**Task brief**
Repeat the following data exactly, omitting pictures.

**Exercise data**
══════════════════════════════

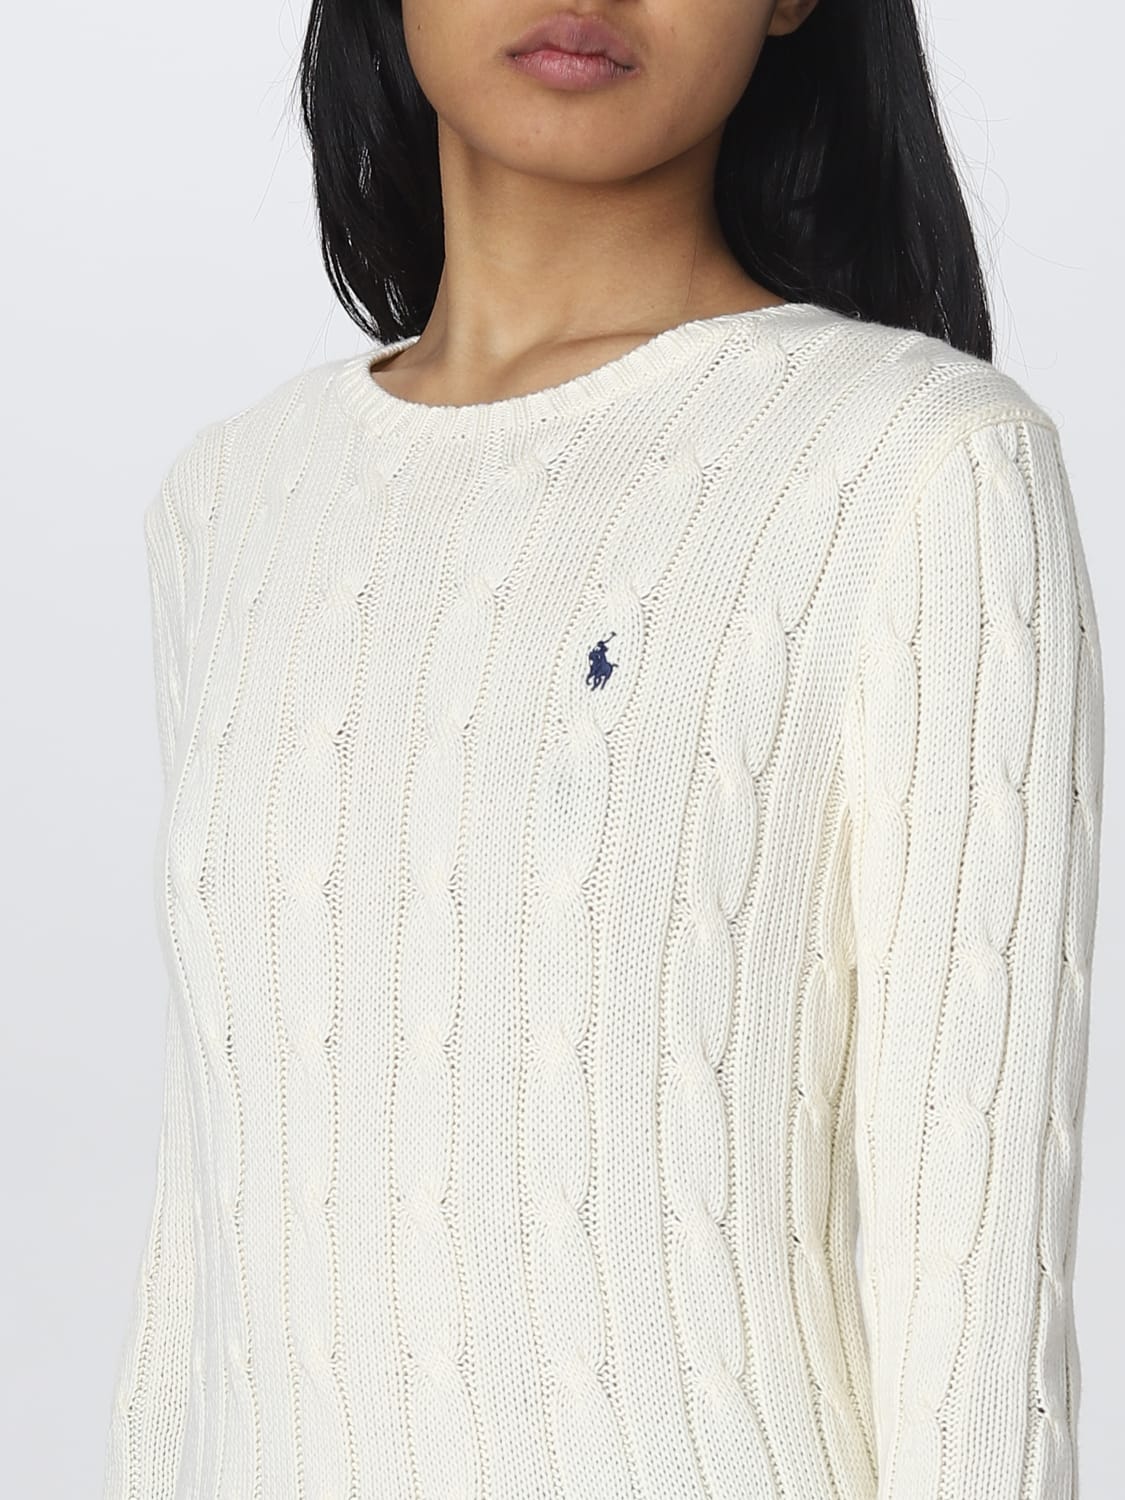 financieel Sta in plaats daarvan op kop POLO RALPH LAUREN: sweater for woman - Cream | Polo Ralph Lauren sweater  211891640 online on GIGLIO.COM
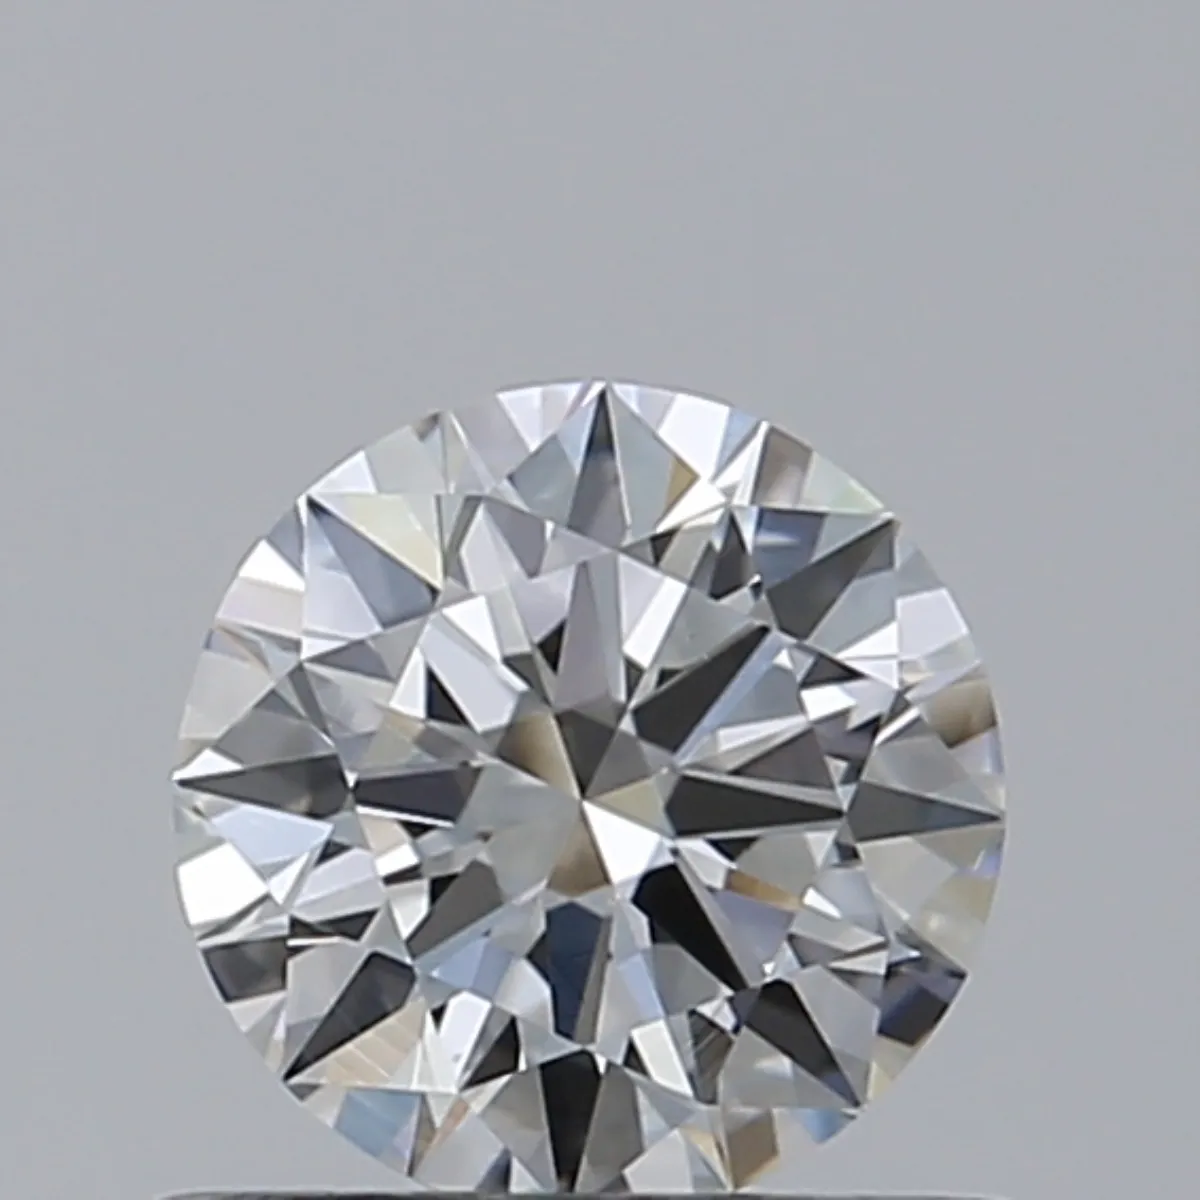 Laboratuvar elmas VS1 netlik toptan gerçek büyük boy 0.50 karat mükemmel yuvarlak kesim gevşek beyaz F renk CVD yuvarlak elmas satış
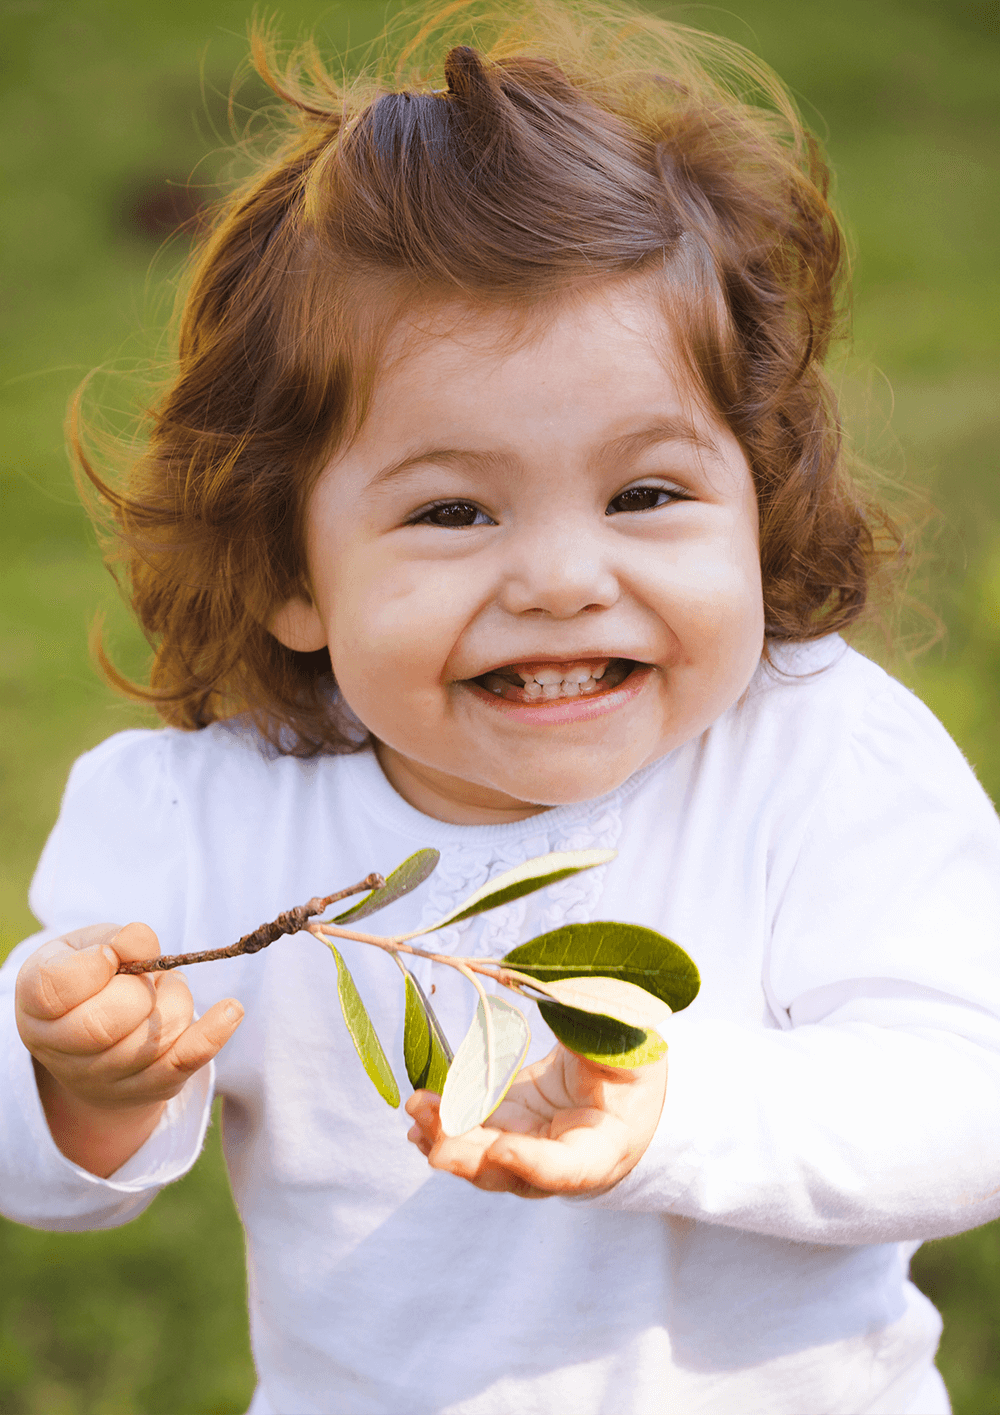 Radosne małe dziecko z żłobka trzyma w dłoni liść i uśmiecha się.

══════════════════════════════

**Written solution**
 financieel Sta in plaats daarvan op kop POLO RALPH LAUREN: sweater for woman - Cream | Polo Ralph Lauren sweater  211891640 online on GIGLIO.COM
 Laboratuvar elmas VS1 netlik toptan gerçek büyük boy 0.50 karat mükemmel yuvarlak kesim gevşek beyaz F renk CVD yuvarlak elmas satış
 Radosne małe dziecko z żłobka trzyma w dłoni liść i uśmiecha się.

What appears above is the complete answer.